Beginning at the line containing "Wholesale Aquarium Products", give again every line through the end of the data, unchanged and with both ends included. Drop any pictures.

------ Given records

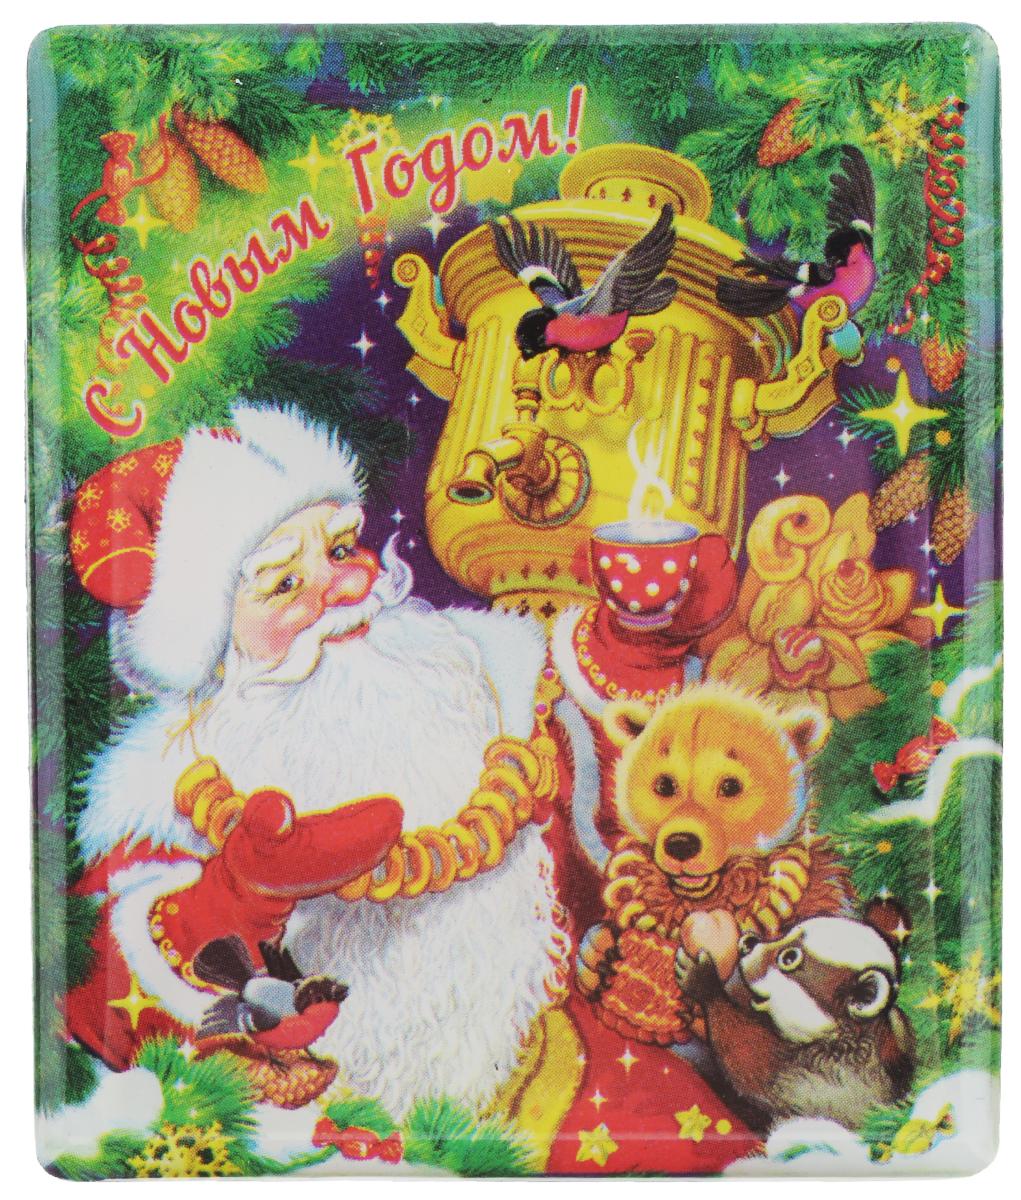 Магнит Феникс-презент Дед Мороз с самоваром, 6 x 5 смDA10-005Магнит прямоугольной формы Феникс-презент Дед Мороз с самоваром, выполненный из агломерированного феррита, станет приятным штрихом в повседневной жизни. Оригинальный магнит, декорированный изображением Деда Мороза и забавных зверят, поможет вам украсить не только холодильник, но и любую другую магнитную поверхность. Материал: агломерированный феррит.
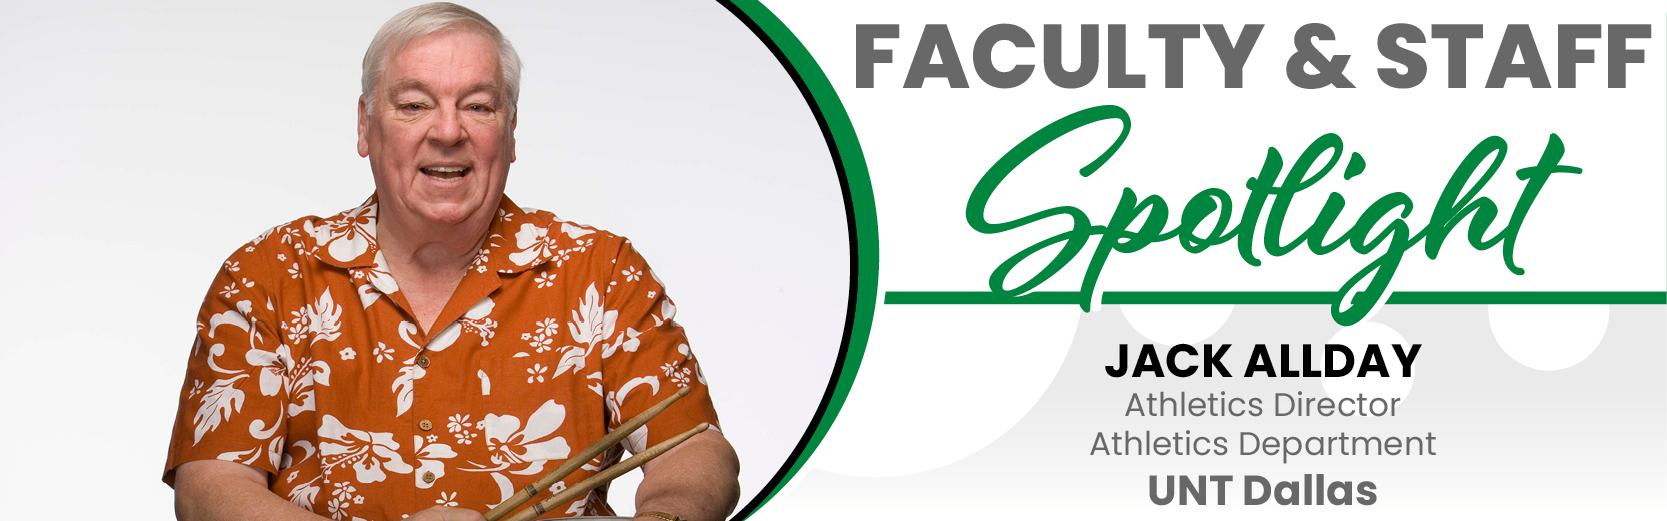 Faculty & Staff Spotlight: Jack Allday
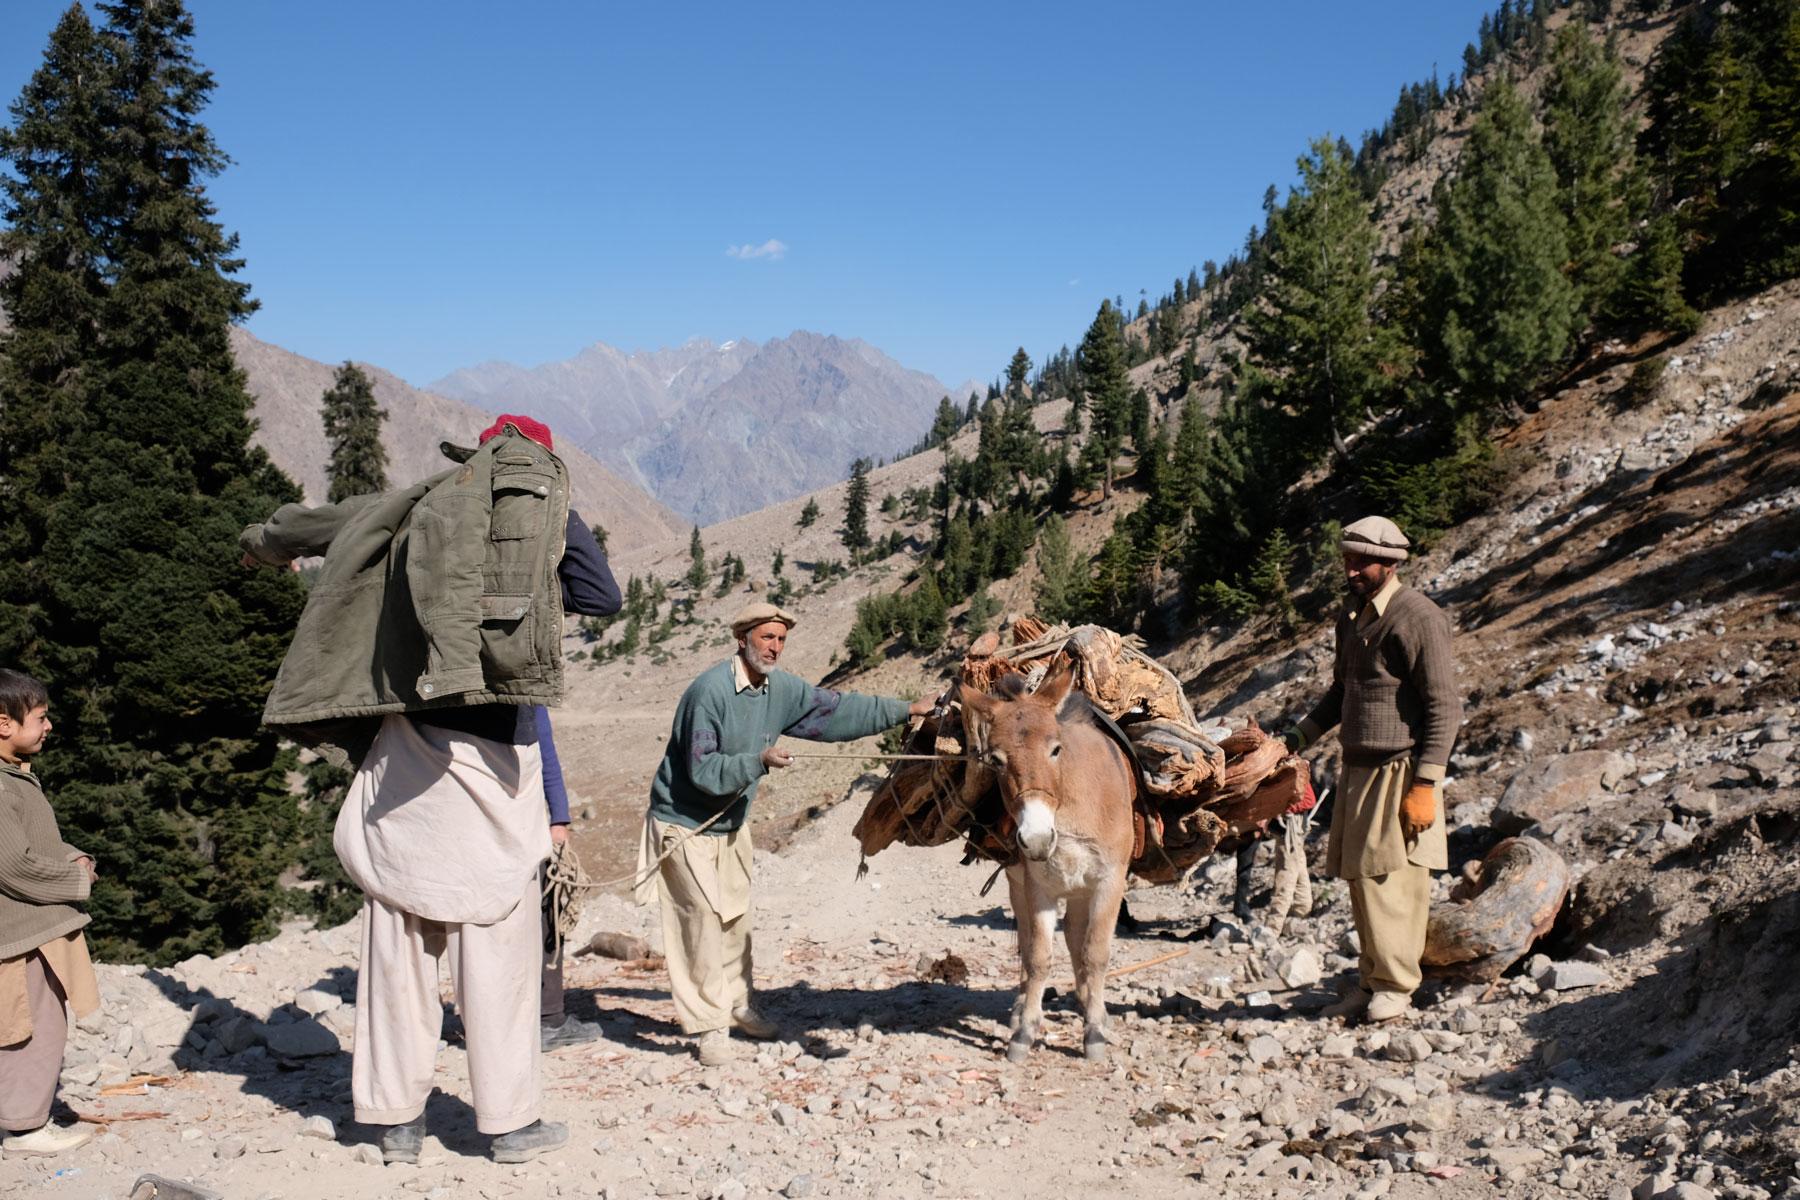 Drei Männer neben einem Esel, der mit Brennholz beladen ist.
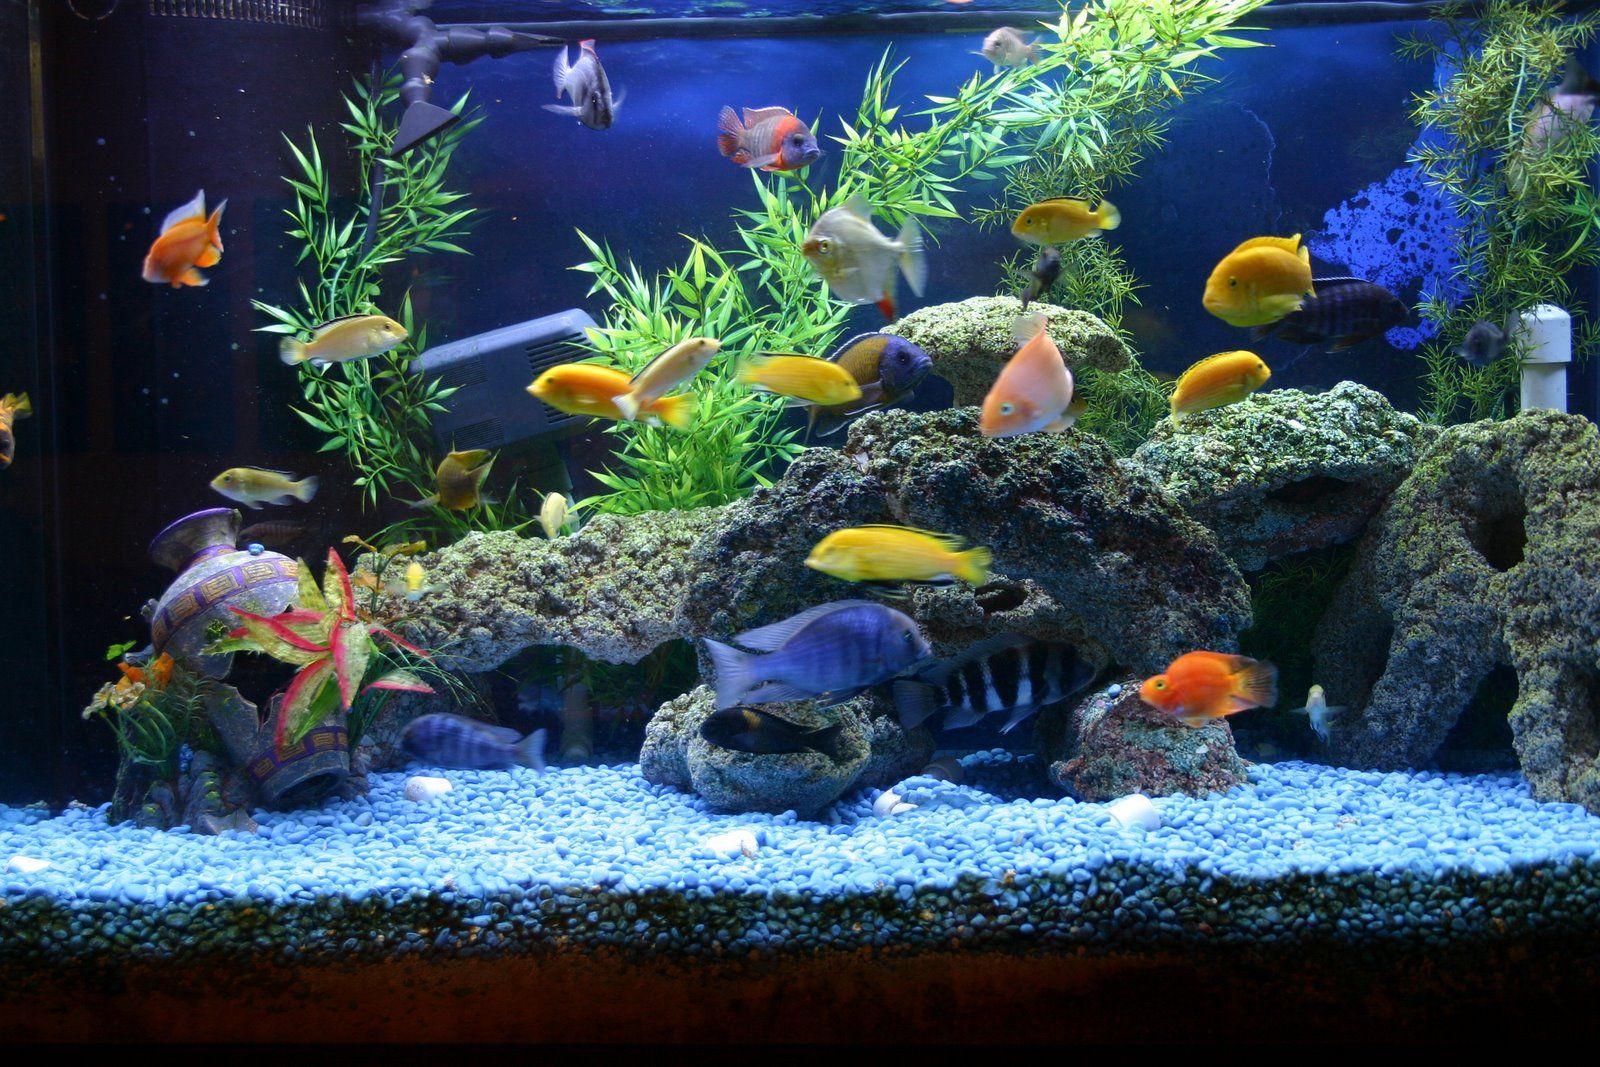 Wholesale Aquarium Products Aquarium Supplies Petwholesaler Cichlid Aquarium Fish Tank Aquarium Fish
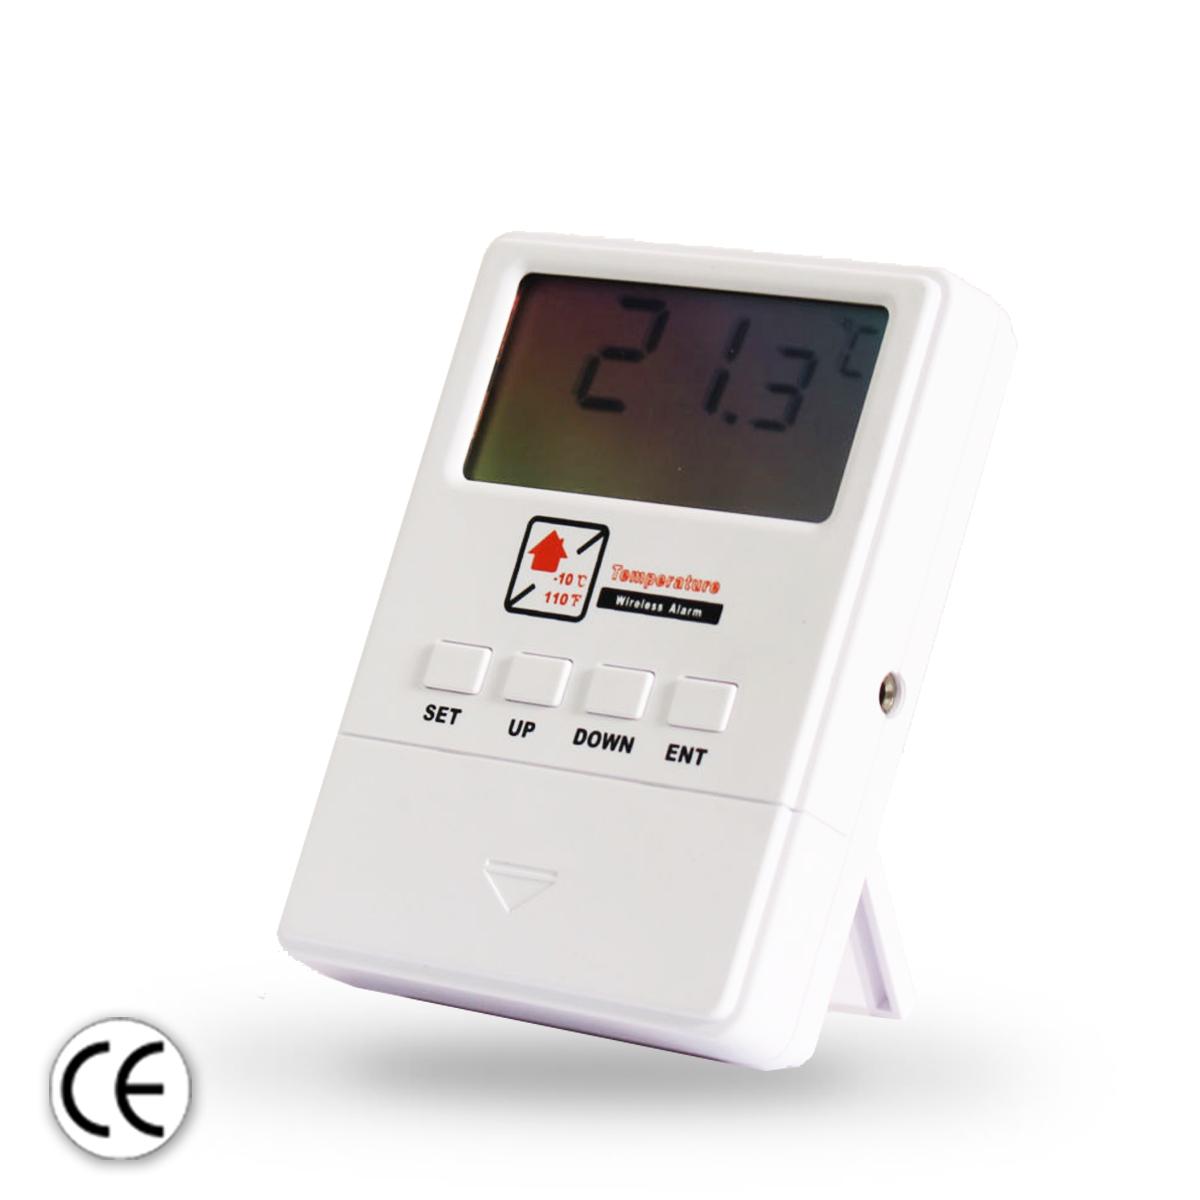 Каталог Беспроводной датчик температуры темп1.png

------------

Response »
 Wholesale Aquarium Products Aquarium Supplies Petwholesaler Cichlid Aquarium Fish Tank Aquarium Fish
 Каталог Беспроводной датчик температуры темп1.png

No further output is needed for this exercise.